Provided data =
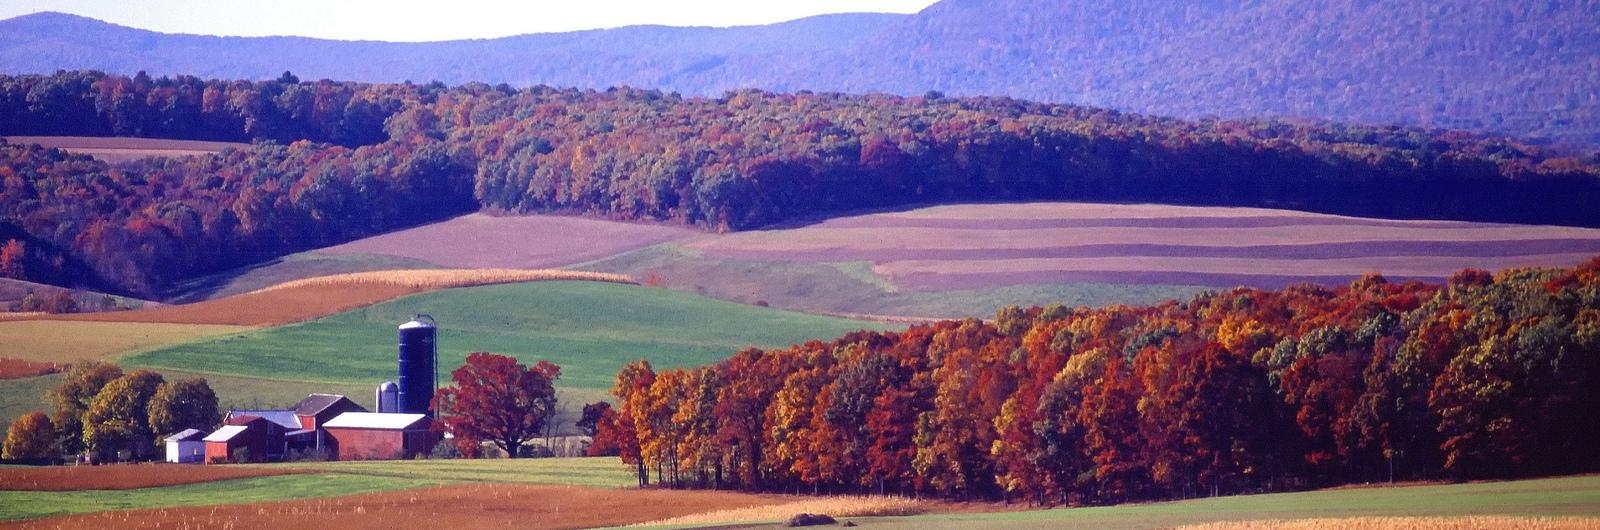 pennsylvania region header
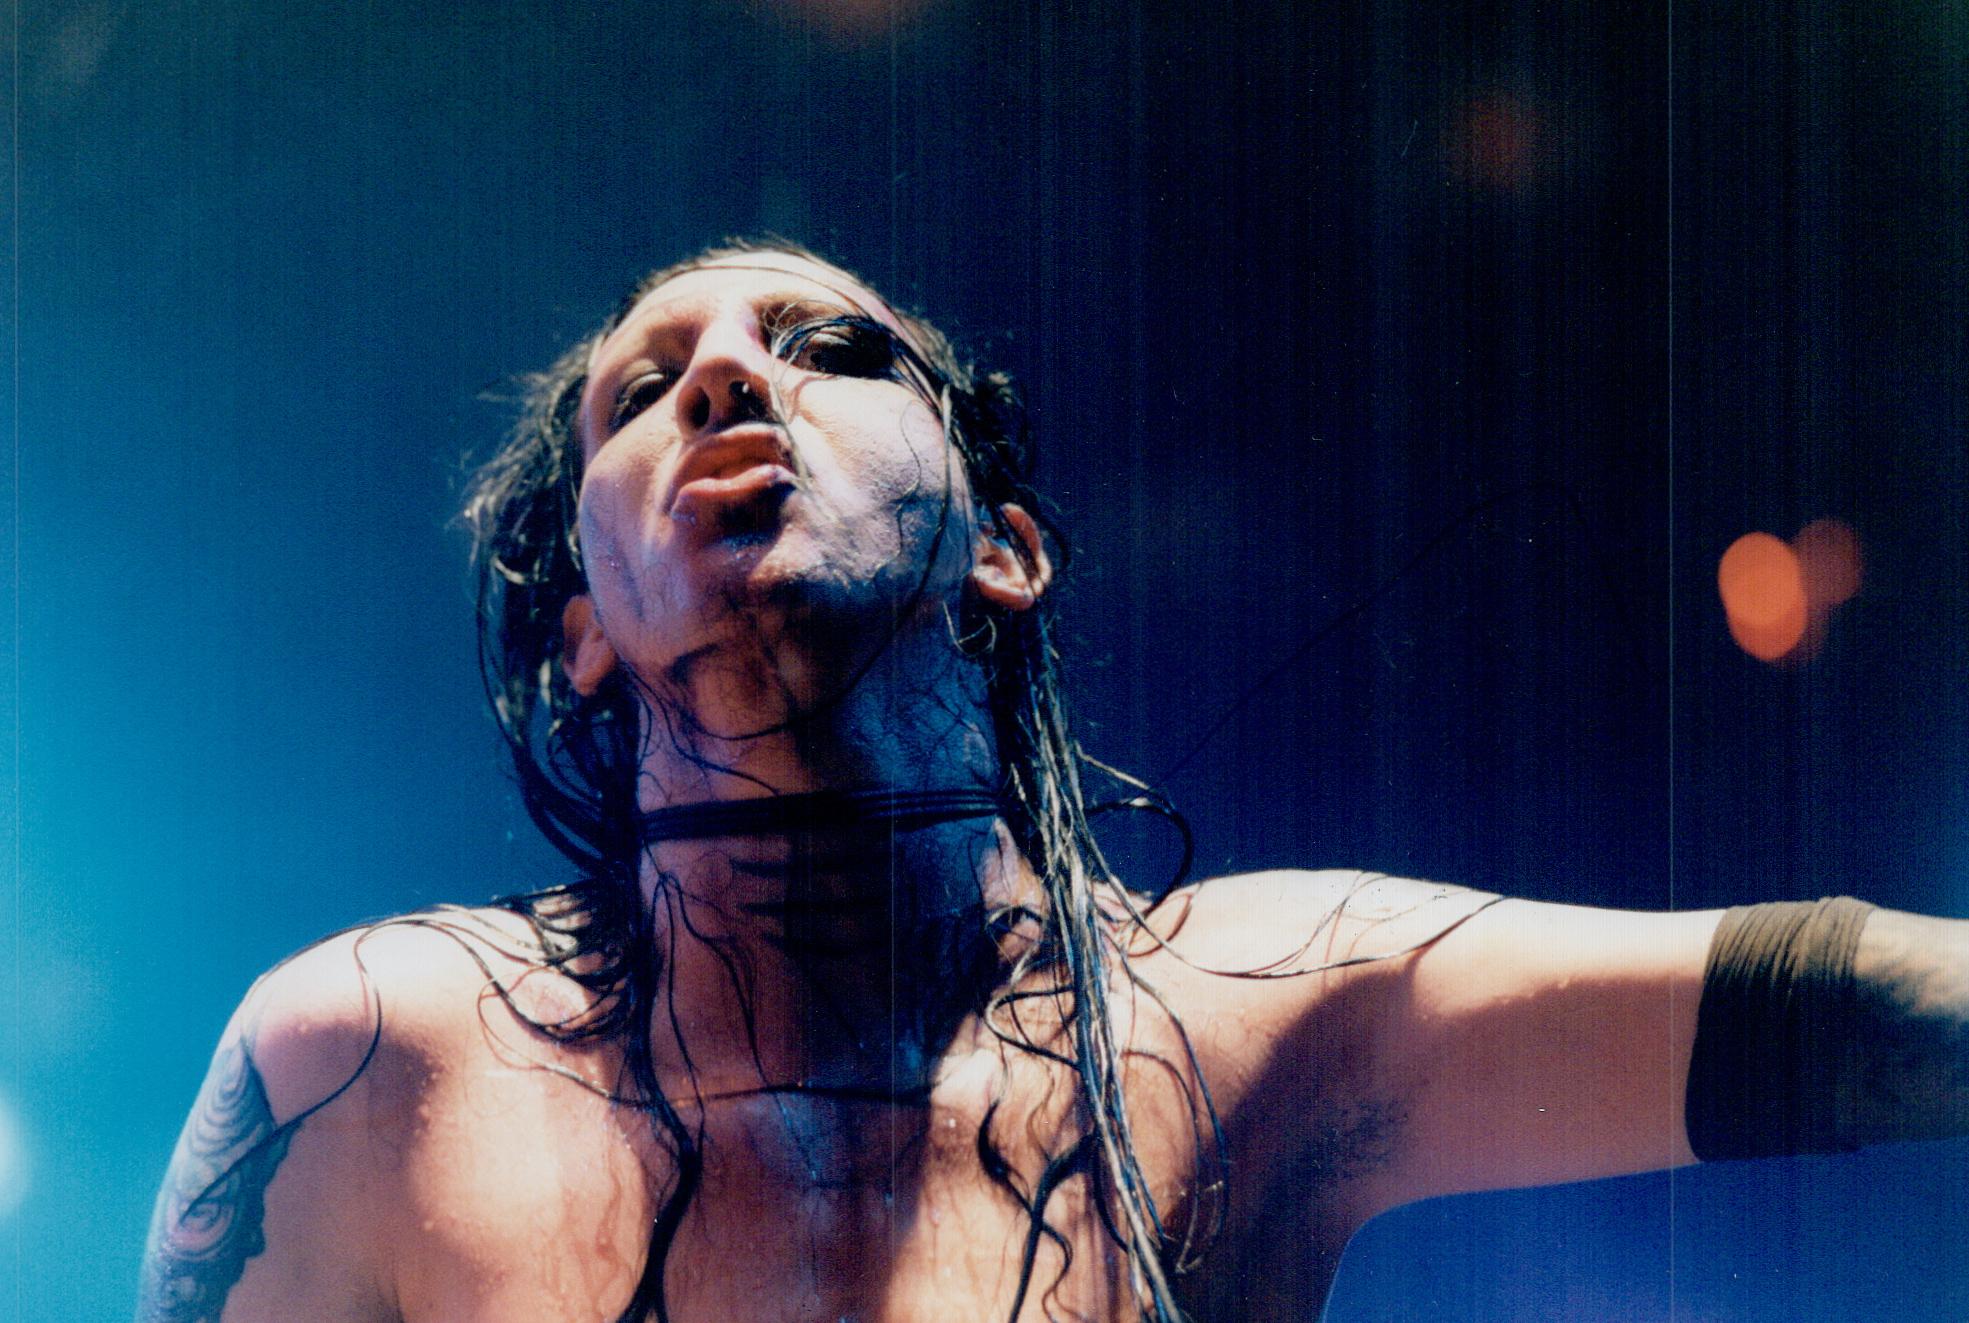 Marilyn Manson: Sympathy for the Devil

* * *

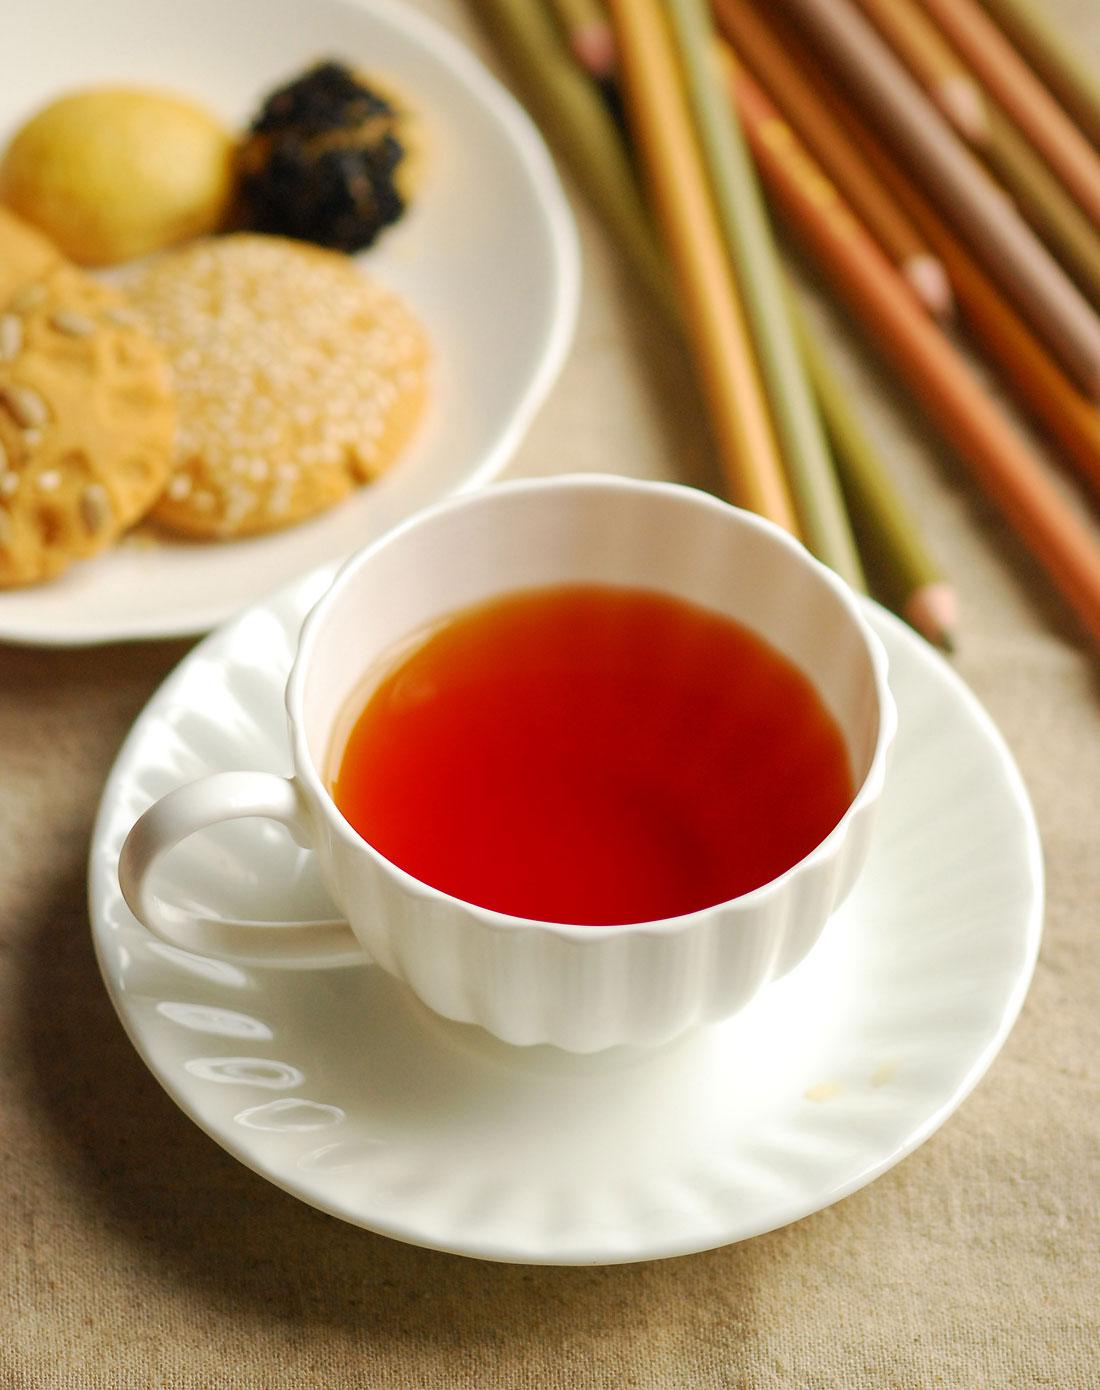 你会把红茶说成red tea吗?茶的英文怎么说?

Task brief = Set the pictures aside and transcribe exactly the stretch of lines above, beginning with the one holding "pennsylvania region header" and ending with the one holding "Marilyn Manson: Sympathy for the Devil".

Result =
 pennsylvania region header
 Marilyn Manson: Sympathy for the Devil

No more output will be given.